Dia menggambarkan dirinya sebagai seorang yang worrier dan memiliki kepribadian tipe-A.
Pasien tidak tahu bagaimana cara bersantai. Misalnya, pada saat liburan dia terus-menerus
mengkhawatirkan hal-hal yang buruk yang mungkin dapat terjadi dan tidak akan berhenti sampai
dia tiba di tempat tujuan, check in, dan unpack barang. Bahkan sampai saat itu pula, pasien
masih tidak bisa rileks.
Riwayat medis biasa-biasa saja kecuali tonsilektomi (usia 16 tahun). Sakit kepala migrain (saat
ini), dan hiperkolesterolemia yang dikontrol diet. Dia mengonsumsi naproxen (Naprosyn) sesuai
kebutuhan untuk sakit kepala. Saat ini pasien tidak minum minuman berkafein, merokok, atau
minum minuman beralkohol. Dia juga tidak menggunakan narkoba.
Masalah insomnia dimulai setelah ia melakukan relokasi ke kota baru dimana ia bekerja. Dia
mengaitkan insomnianya dengan lingkungan yang bising di mana dia tinggal. Pasien pertama
kali mencari pengobatan pada 18 bulan yang lalu. Dokter keluarganya mendiagnosisnya dengan
depresi dan ia diberikan terapi fluoxetine. Ini membuatnya "memanjat dinding". Berikutnya
dicoba antihistamin dengan hasil yang serupa. Obatnya kemudian dialihkan ke tradozone dosis
rendah (Desyrel) (untuk tidur) dan pasien mengalami mual karenanya. Setelah intervensi medis
tersebut, dia mencari perawatan medis di tempat lain. Zolpidem (Ambien) 5 mg akhirnya
diresepkan, namun obat tersebut membuatnya merasa disedasi. Setelah pasien melakukan
penghentian, dia mengalami withdrawal effect. Dokter praktik keluarga lain mendiagnosis
"gangguan kecemasan nonspesifik" dan mulai merawatnya dengan buspirone (BuSpar); sebuah
pengalaman yang dia gambarkan sebagai "memiliki alien yang mencoba keluar dari kulit saya."

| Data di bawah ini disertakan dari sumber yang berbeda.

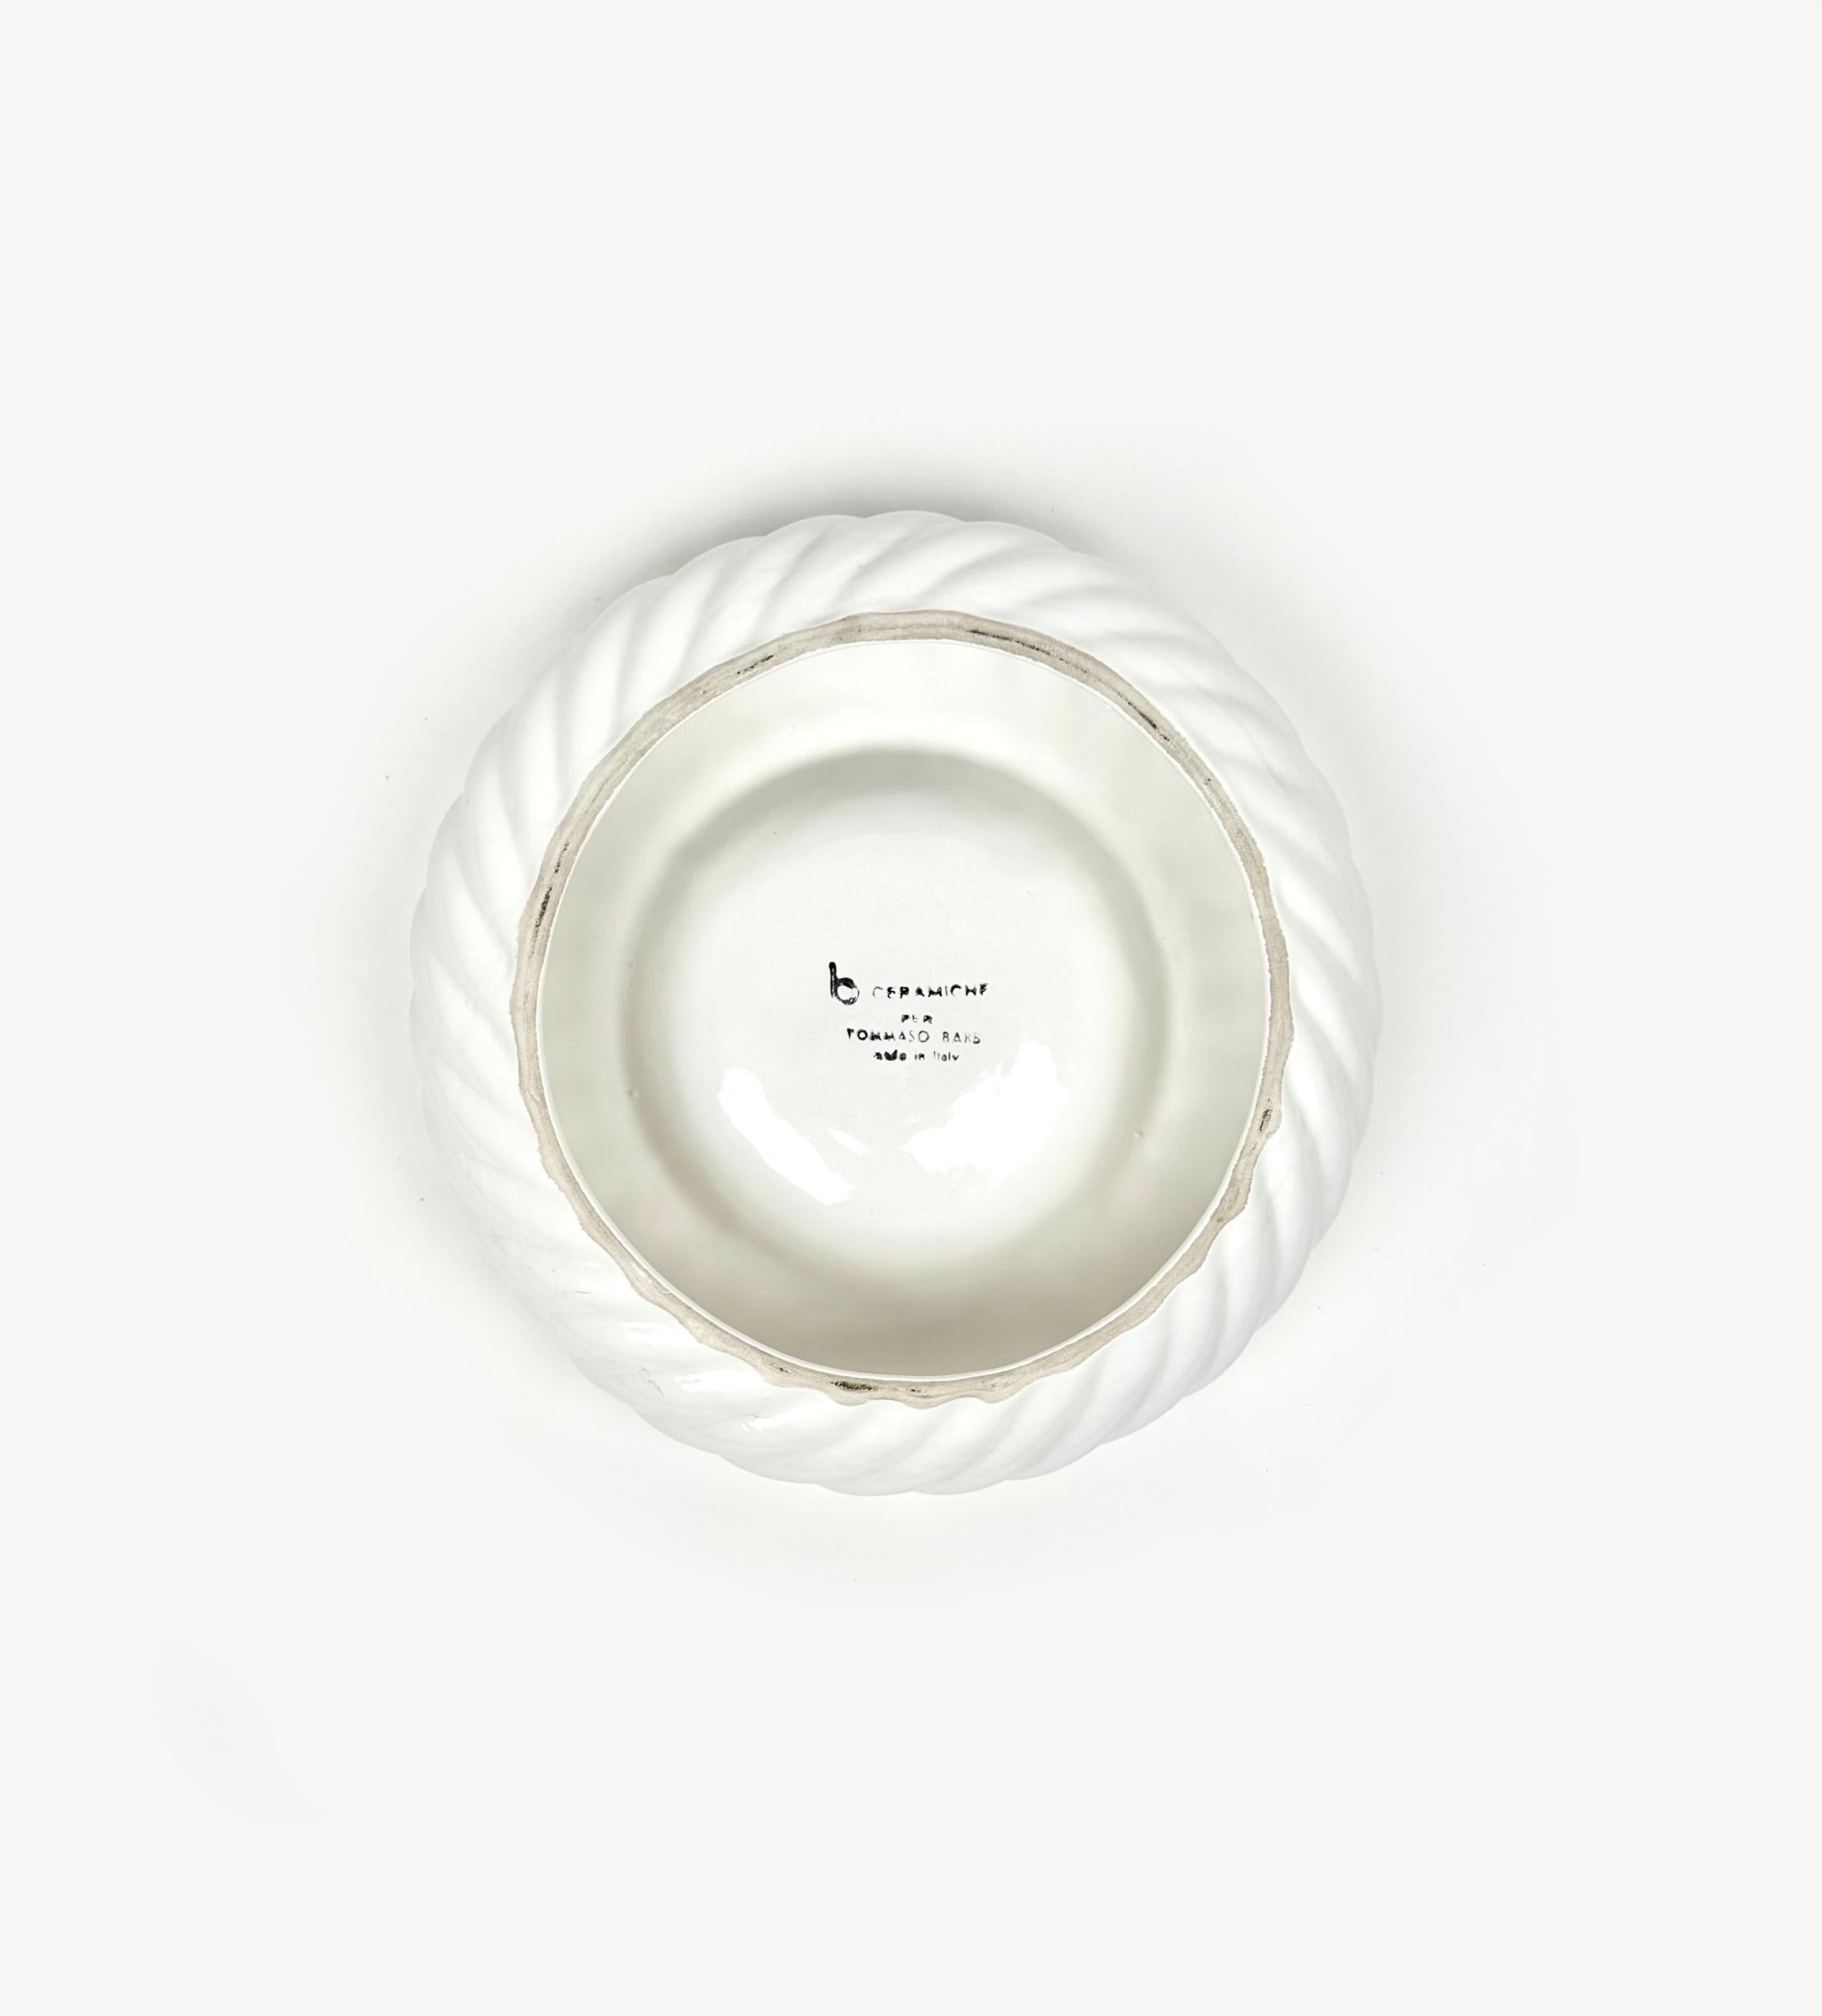 Vide-Poche or Ashtray White Ceramic and Brass by Tommaso Barbi, Italy 1970s For Sale 4

Perawatan buspirone akhirnya dihentikan. Paroxetine (Paxil) juga dicoba selama 8 minggu tanpa
menghasilkan efek. Akhirnya, ia berkonsultasi dengan seorang psikiater, yang mendiagnosisnya
dengan gangguan defisit perhatian orang dewasa (tanpa hiperaktif) dan menyarankan pengobatan
dengan methylphenidate. Pada titik ini, pasien yakin bahwa stimulan tidak akan membantu
insomnianya dan meminta rujukan ke pusat gangguan tidur.
ANALISIS KASUS

Anamnesis
1. Riwayat Penyakit Sekarang
Pasien mengeluh kesulitan tidur sehingga merasa kurang tidur sejak 2,5 tahun yang
lalu. Masalah insomnianya dimulai setelah ia melakukan relokasi ke kota baru dimana ia
bekerja sekarang. Dia mengaitkan insomnianya dengan lingkungan yang bising di mana
dia tinggal. Pasien memiliki kesulitan untuk tertidur dengan 30-45 menit sleep onset
latency dan terbangun setiap 1 atau 2 jam setelah onset tidur. Lama terbangun biasanya
berkisar antara 15 menit sampai dengan beberapa jam, dan ia memiliki waktu tidur rata-
rata 4,5 jam tiap malam. Pasien jarang tidur siang meskipun merasa lelah dan gelisah.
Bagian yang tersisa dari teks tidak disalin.